Maybe, but in cases of identity theft it may still be a problem for the innocent.

Beyond that, my guess is that a lot of folks won't look at the whole data set for an individual, only the email address.

Personally, I think this kind of cyber terrorism is bad for the internet as a whole, though perhaps some people will finally learn that one never posts online (even "privately") any information they wouldn't want to see in a headline tomorrow.
 
jsstevens said:
I simply meant that making a promise to be faithful to someone and then looking to break that promise (the whole premise behind Ashley Madison) makes the person "litter".

As to the veracity of the leaked info, I have no idea. But like many, I wouldn't touch that verification site with a 10' keyboard and industrial strength firewall...

John
Click to expand...

Agree on both counts.

Also noted that taking down Ashley Madison doesn't eliminate opportunities for someone so inclined to chase an "affair". Sites ranging from Craig's List to Adult Friend Finder to YouPorn still exist. CL is still under pressure from law enforcement to ensure that illegal behavior doesn't take place there (prostitution, et al - see below). At one point, there were even Yahoo groups where such behavior could take place (I have no idea how it is now, back when I worked in media I worked with some folks that investigated such stuff. I think they either eliminated it or created "adult only" sections. I don't go there, so no knowledge).

http://www.cbsnews.com/news/pa-woman-18-charged-with-killing-man-she-met-on-online/
 
wsuffa said:
Agree on both counts.

Also noted that taking down Ashley Madison doesn't eliminate opportunities for someone so inclined to chase an "affair". Sites ranging from Craig's List to Adult Friend Finder to YouPorn still exist. CL is still under pressure from law enforcement to ensure that illegal behavior doesn't take place there (prostitution, et al - see below). At one point, there were even Yahoo groups where such behavior could take place (I have no idea how it is now, back when I worked in media I worked with some folks that investigated such stuff. I think they either eliminated it or created "adult only" sections. I don't go there, so no knowledge).

http://www.cbsnews.com/news/pa-woman-18-charged-with-killing-man-she-met-on-online/
Click to expand...

whoa there! don't be knocking youporn...that's a staple in some people's diets!
 
Fearless Tower said:
Is it though?

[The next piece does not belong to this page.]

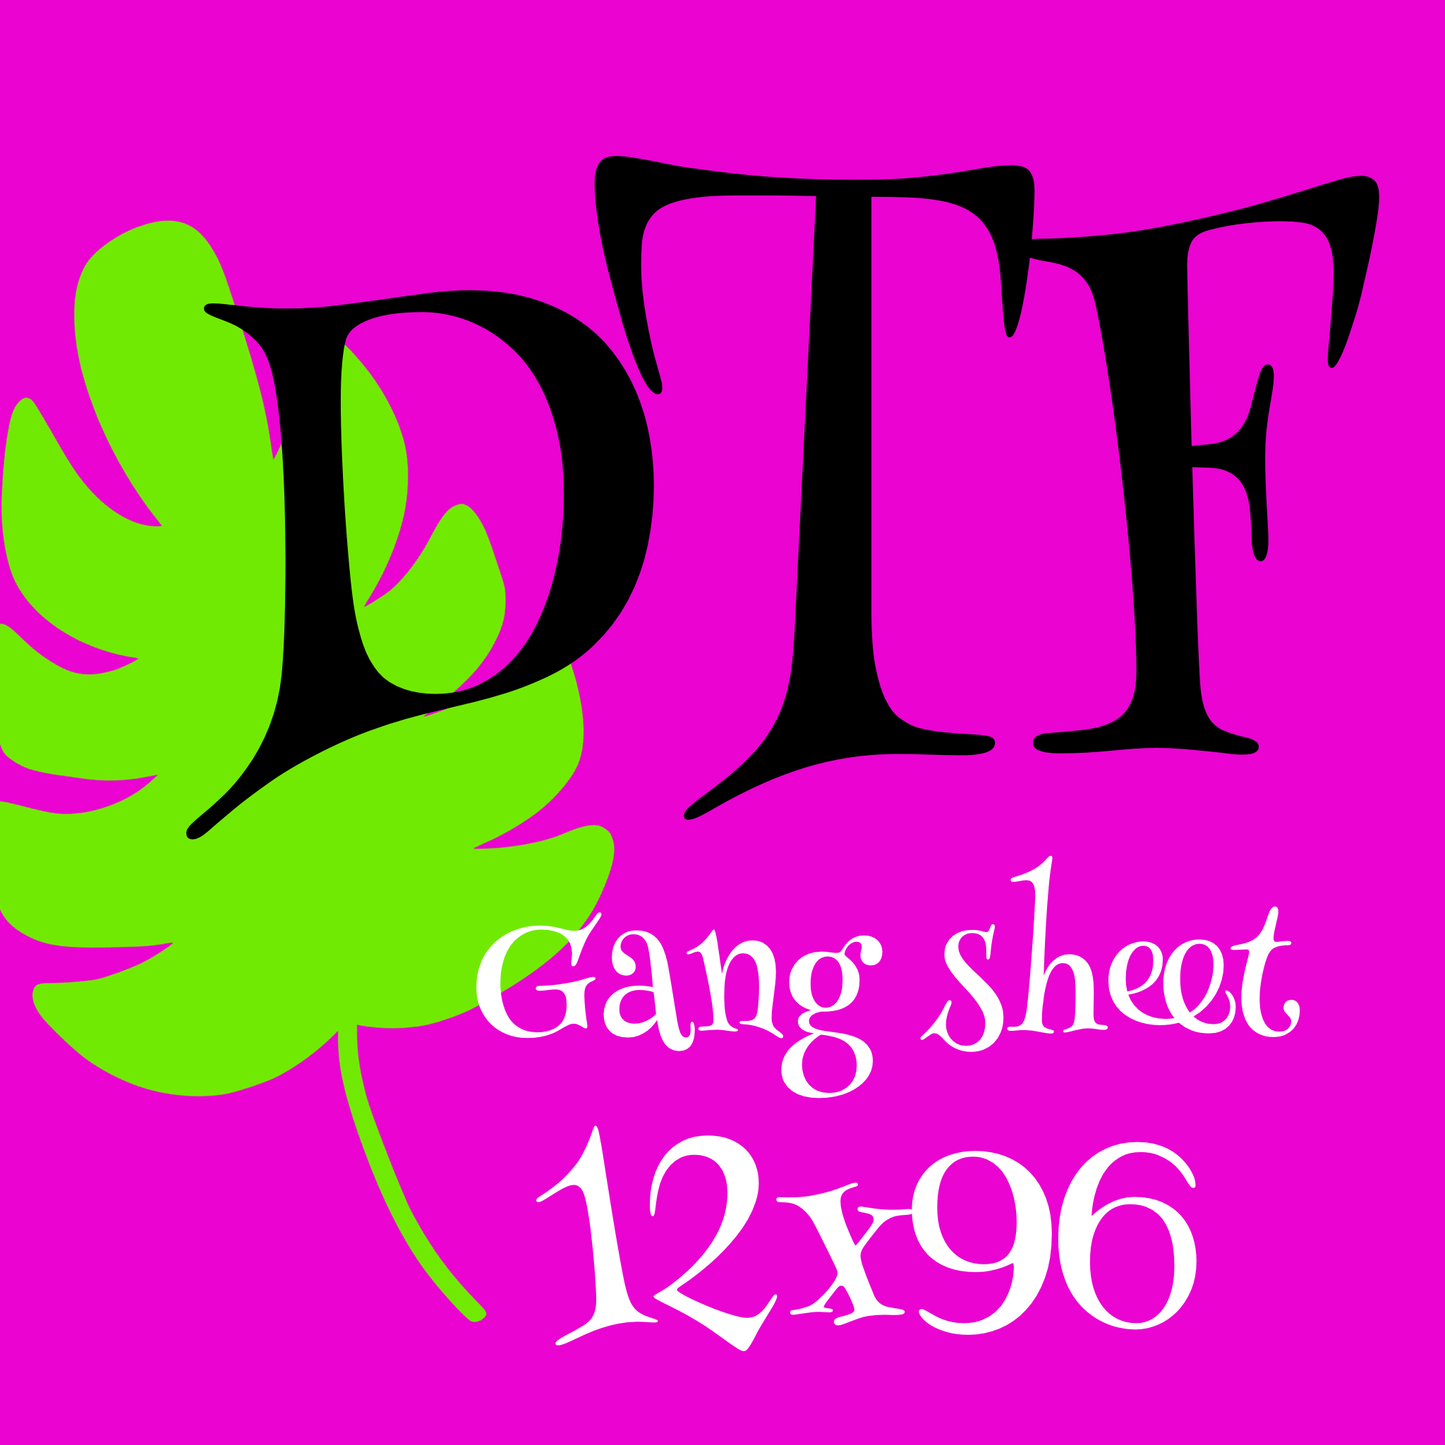 12 x 96 Gang Sheet
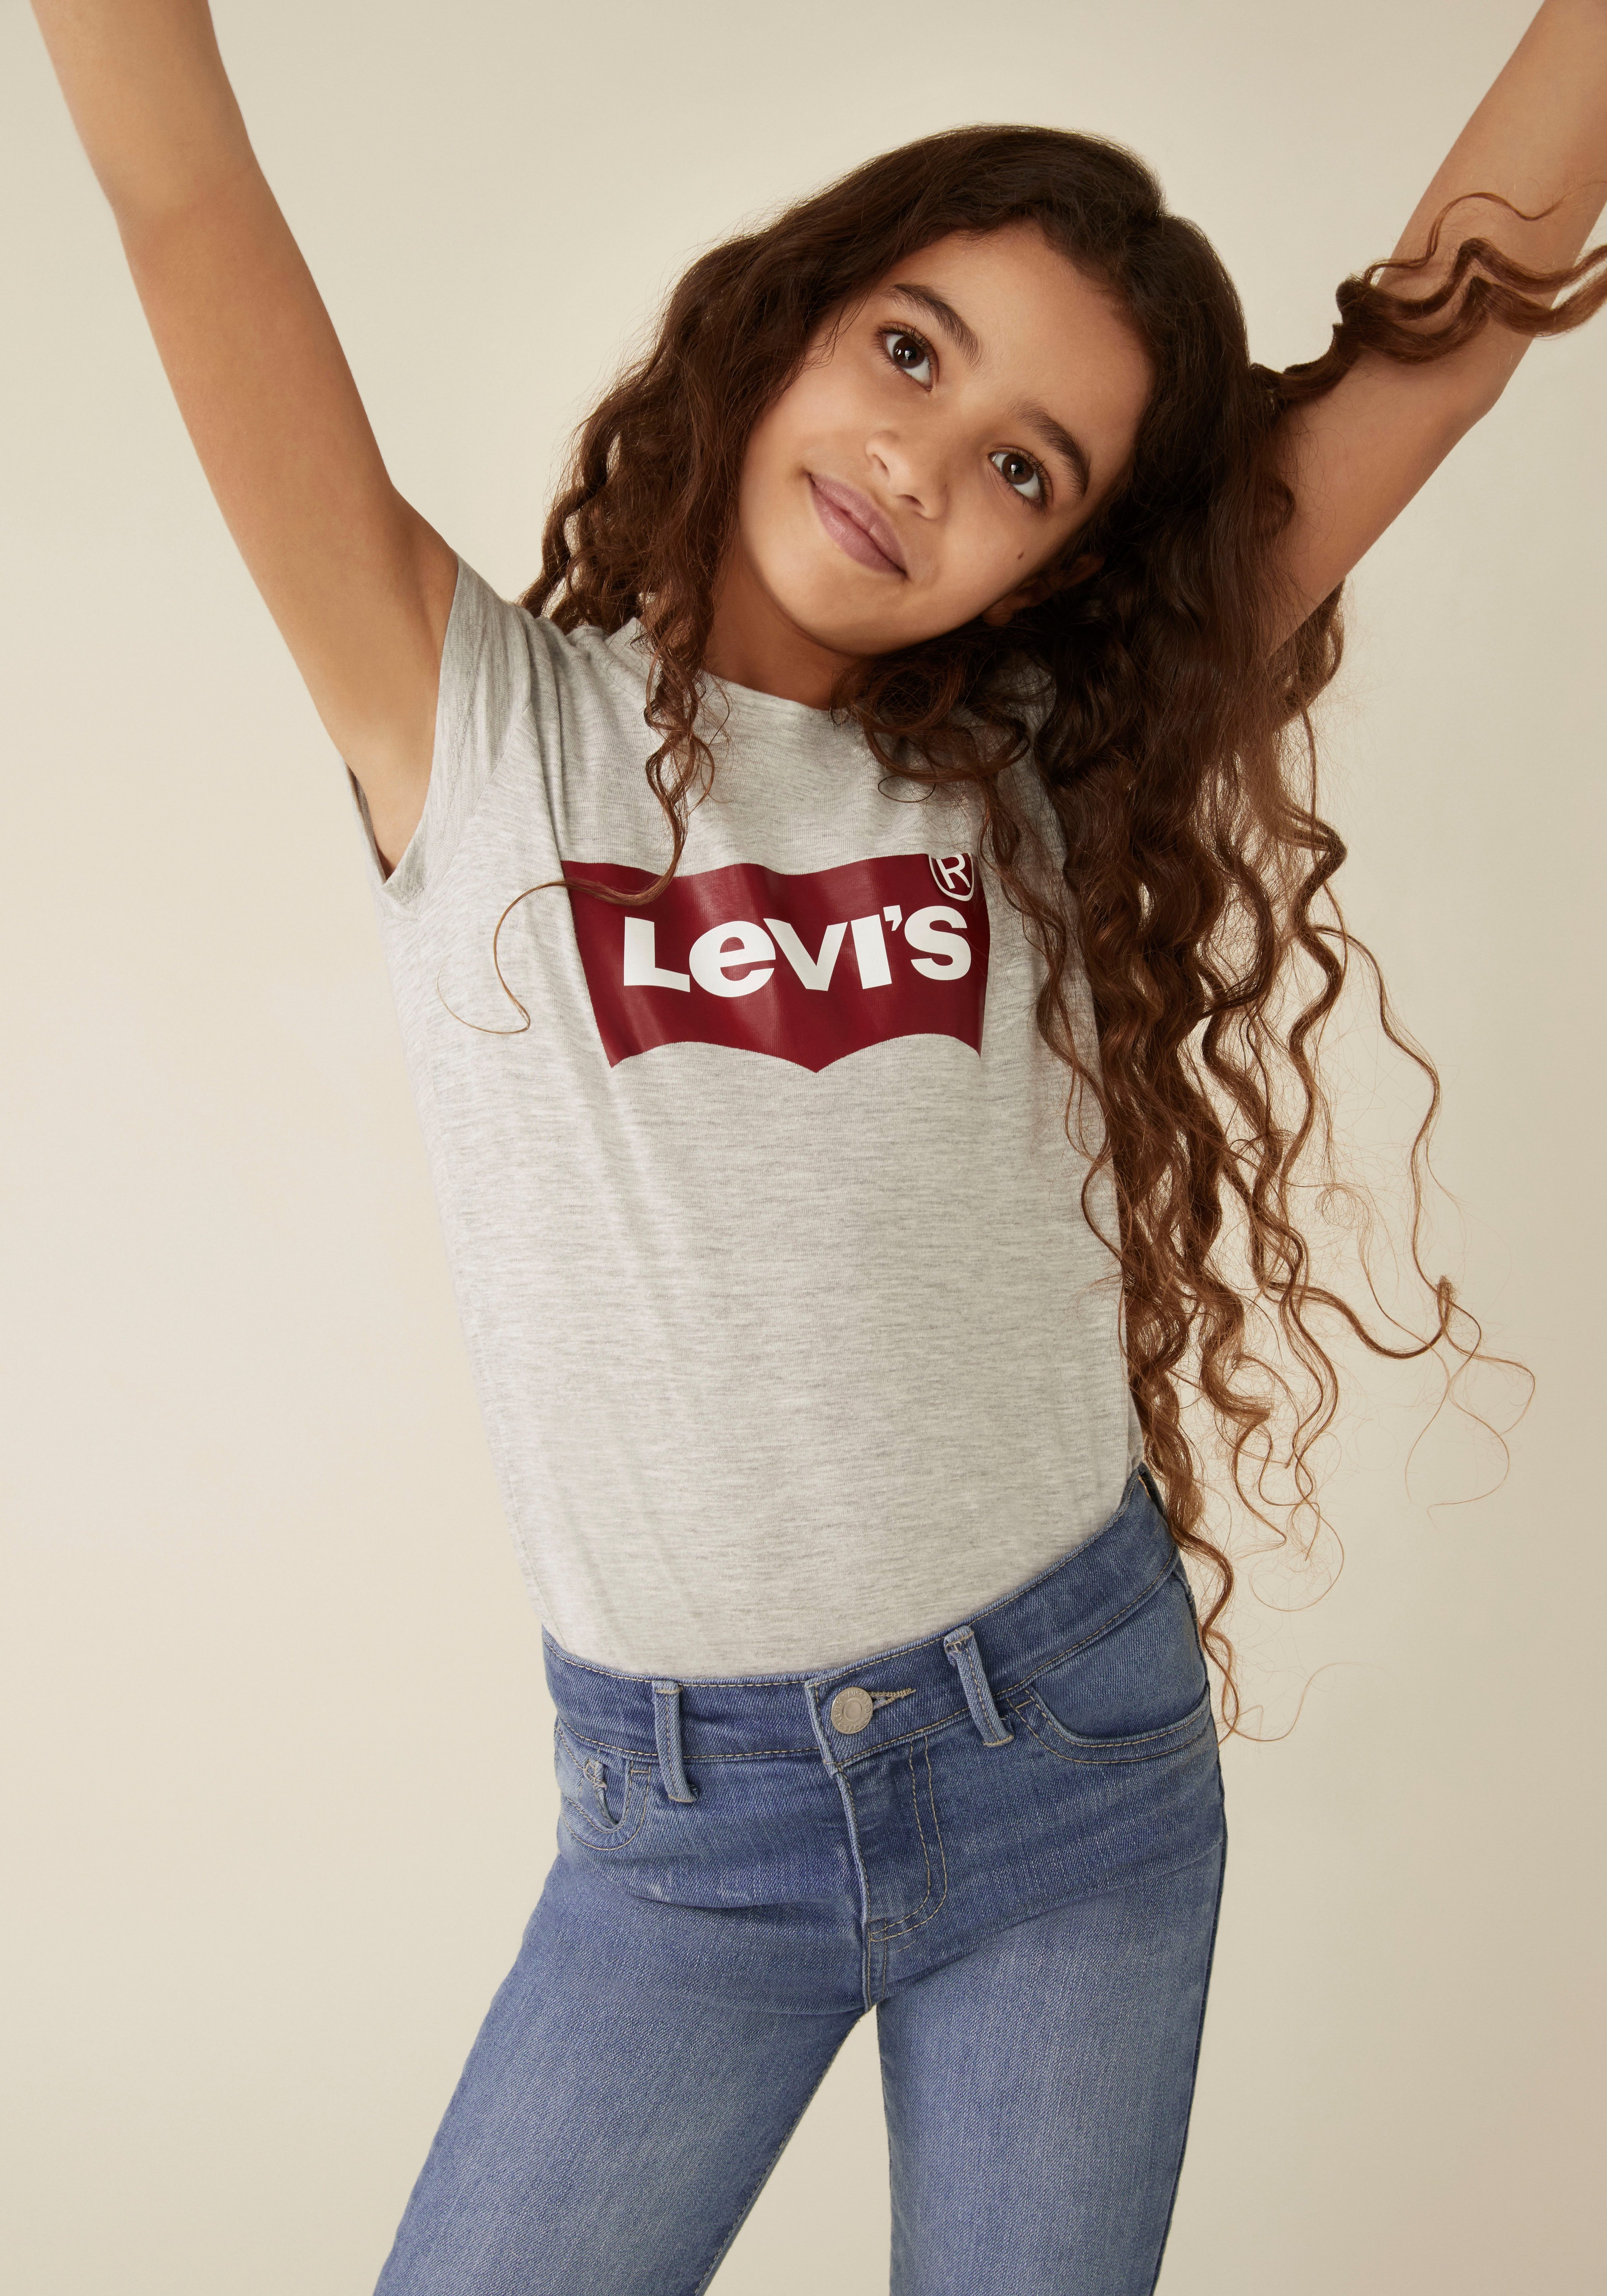 hellgrau-meliert for GIRLS Levi's® TEE BATWING Kids T-Shirt

This whole thing sounds fishy. Seems there are multiple sites now to 'search' the database. Are these even legit? Are we really to believe that the president@whitehouse.gov is a member?

CNN seems to be falling over themselves plugging in email addresses to check folks out.

I don't believe anybody at this point.
Click to expand...

I checked several of my own throwaway addresses (on a Linux box and through a proxy server), and none of them came up. But president@whitehouse.gov did. That was the only one I checked that came up, in fact.

Actually, I'd be very surprised if at least half the Congress weren't in there, as well. But the individual running the site caved to a DMCA demand to take it down.

Rich
 
RJM62 said:
Actually, I'd be very surprised if at least half the Congress weren't in there, as well. But the individual running the site caved to a DMCA demand to take it down.
Click to expand...


AM claimed they held copyright to their stolen database's data? ROFL.
 
Ahh, a nice witch hunt for the digital age. The last words of one particular convicted killer were "the good people always think they're right."
 
SkyHog said:
Fwiw, having seen the full scope of the data, it is very easy to tell if someone actually signed up or if someone else used their email address to do it.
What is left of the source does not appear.